Being able to properly understand the current state of a game’s players and their activity requires appropriate and accurate telemetric data; inaccurate or misrepresentative data leads to poor versions of games and weak updates, which is certainly undesirable for everyone involved!
This is perhaps the most valuable for game developers working on live ops or making updates to existing games since they can use telemetric data to make optimizations in real time, but building on knowledge from other games and associated data can be valuable when you’re starting a new game as well. That said, the live ops team should be closely connected to the games analytics when making updates and building new features; in fact, the predictive or prescient nature live ops means that maximizing the value of the game’s data is of utmost importance.
Data And Performing Platform Analyses
The data derived from games can also be used to provide key learnings about the platform (e.g. the device or console) that it’s being played on, e.g. engagement, technical and graphical bandwidth, and other user behaviors that can benefit gaming engineers and their equivalents in related fields.

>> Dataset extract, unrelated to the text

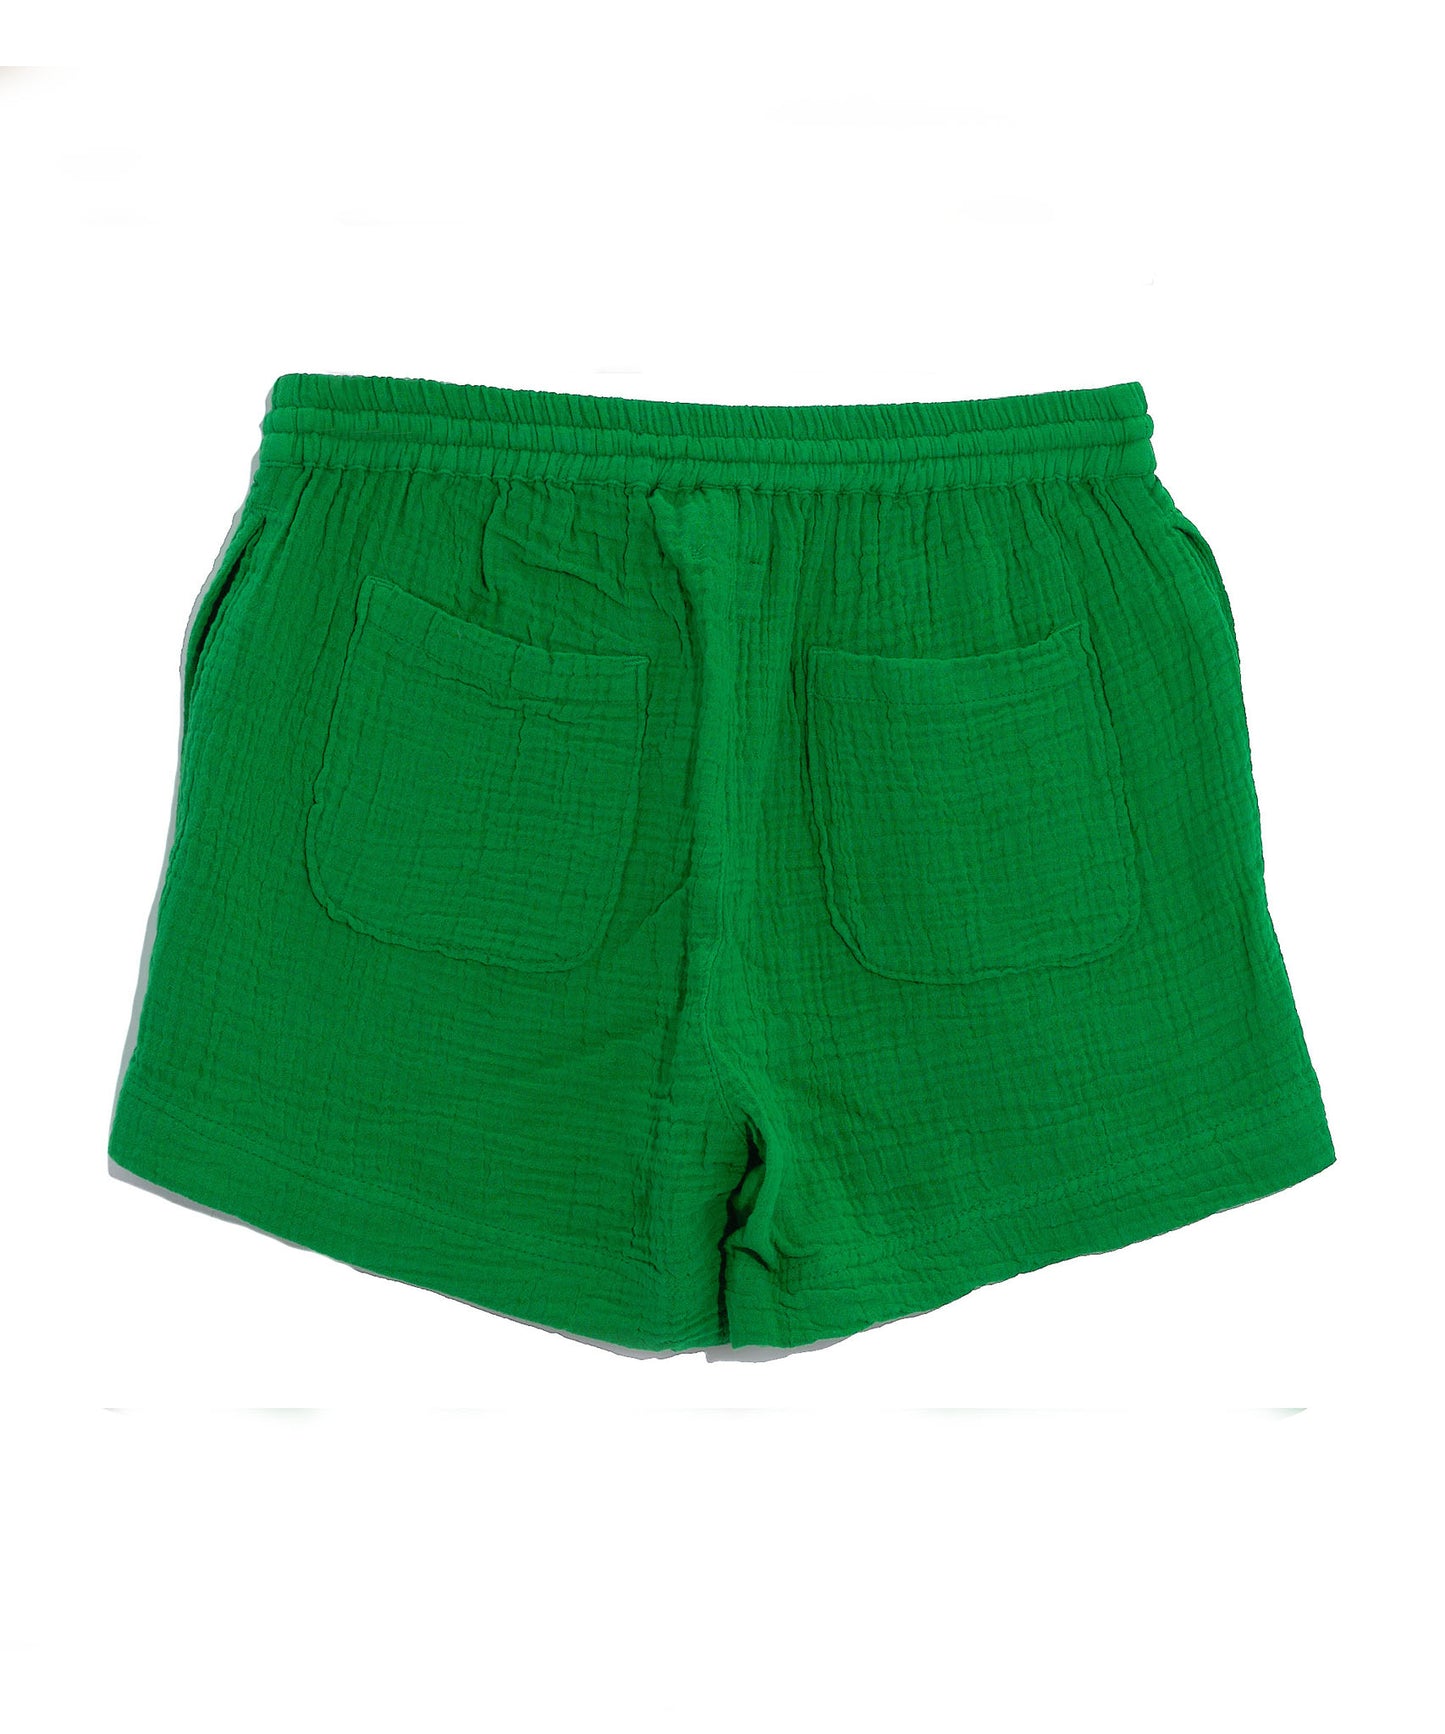 Supersoft Gauze Beach Shorts in color Amazon Green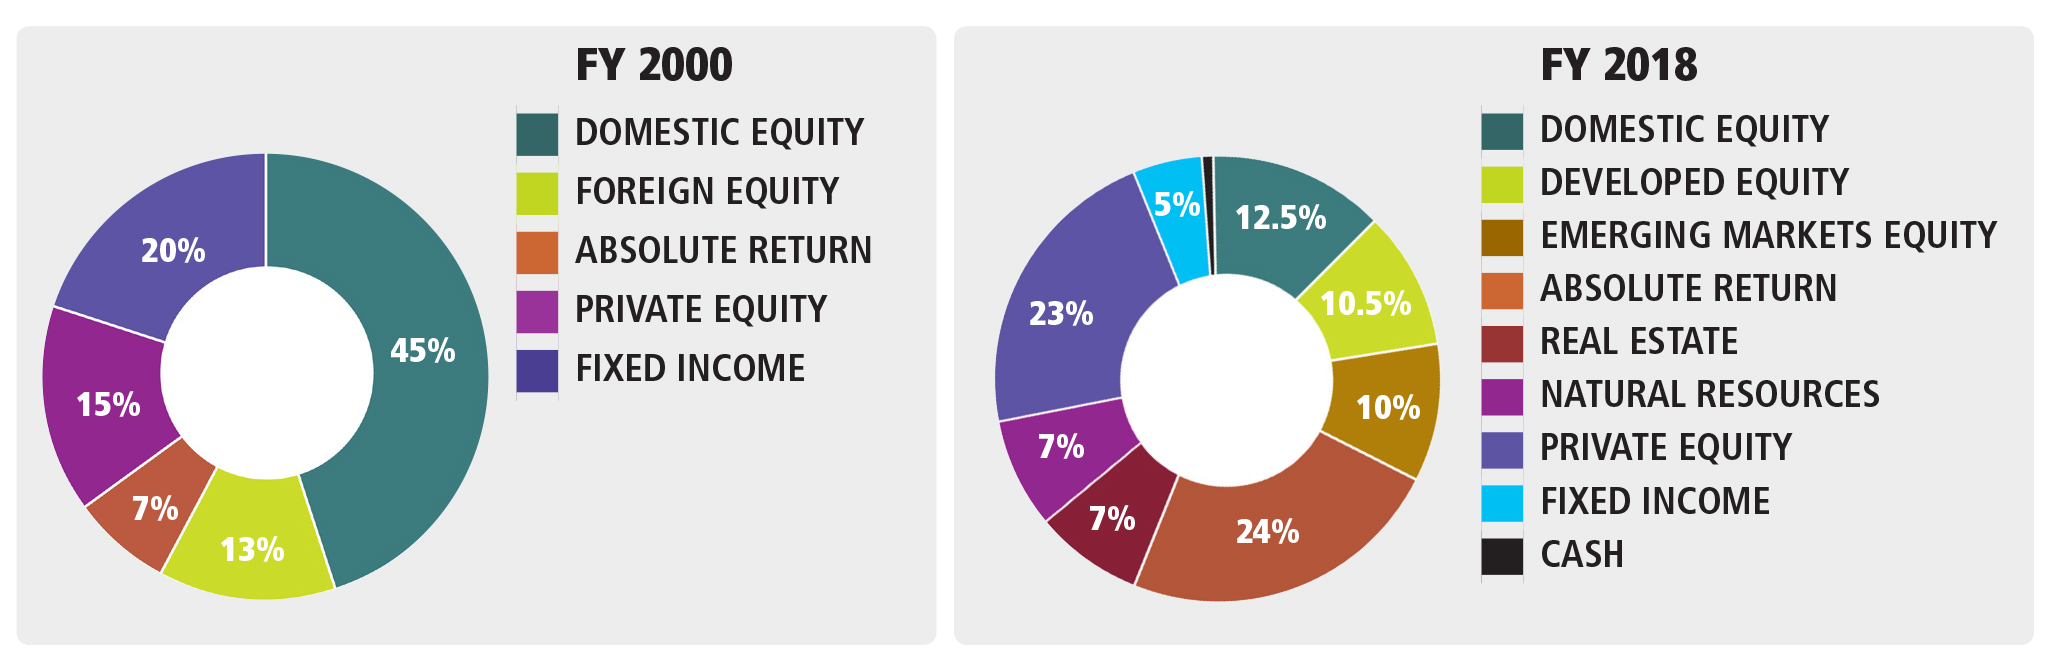 Change in Asset Allocation

Knowing how users use the actual devices and hardware to play popular games along with console software and operating systems helps all the engineers involved in the gaming world in some way, shape, or form make things better. While this is a bit less obvious in the way that it helps you maximize the value of your data, building a better gaming ecosystem is better for the industry as a whole, and that has a halo or butterfly effect on your game(s).
Data And Attributing Purchases Or Advertising Channels
Perhaps the original reason for collecting all this data is to figure out who should get paid and how much – and who should get what amount of credit for the action that led to the sale! So naturally being able to maximize attribution and track buying behaviors is a key goal of any game analytics program.
Telemetric data can not only tell when and where a player made a purchase, of course, but also how they got to that point and their behavior prior to that purchase or ad click; accordingly, analyzing that behavior can help you create more of it. This is probably the most explicit use of telemetric data in regard to maximizing its value, since you are literally using the data to track and attribute earnings and learn how to create more of them.
Here Are Five Steps To Take To Maximize The Value Of Your Data
At the end of the end the day, all of this data collection and study can be grouped into five sets of behaviors or activities:
- Understanding Telemetry And Applying It To Your Game
- Defining Your Objects And Attributes
- Understanding And Naming Your Variables
- Collecting Your Data And Communicate Your Results
- Gleaning Real World Insights And Taking Action
While each of one of these sets of behaviors contains numerous potential activities or tasks, together they make up a combination of steps that will help you make the very most of the data you’ve collected from your game’s players – and help you build a game that’s more fun for your players, more profitable for you, and more effective in general.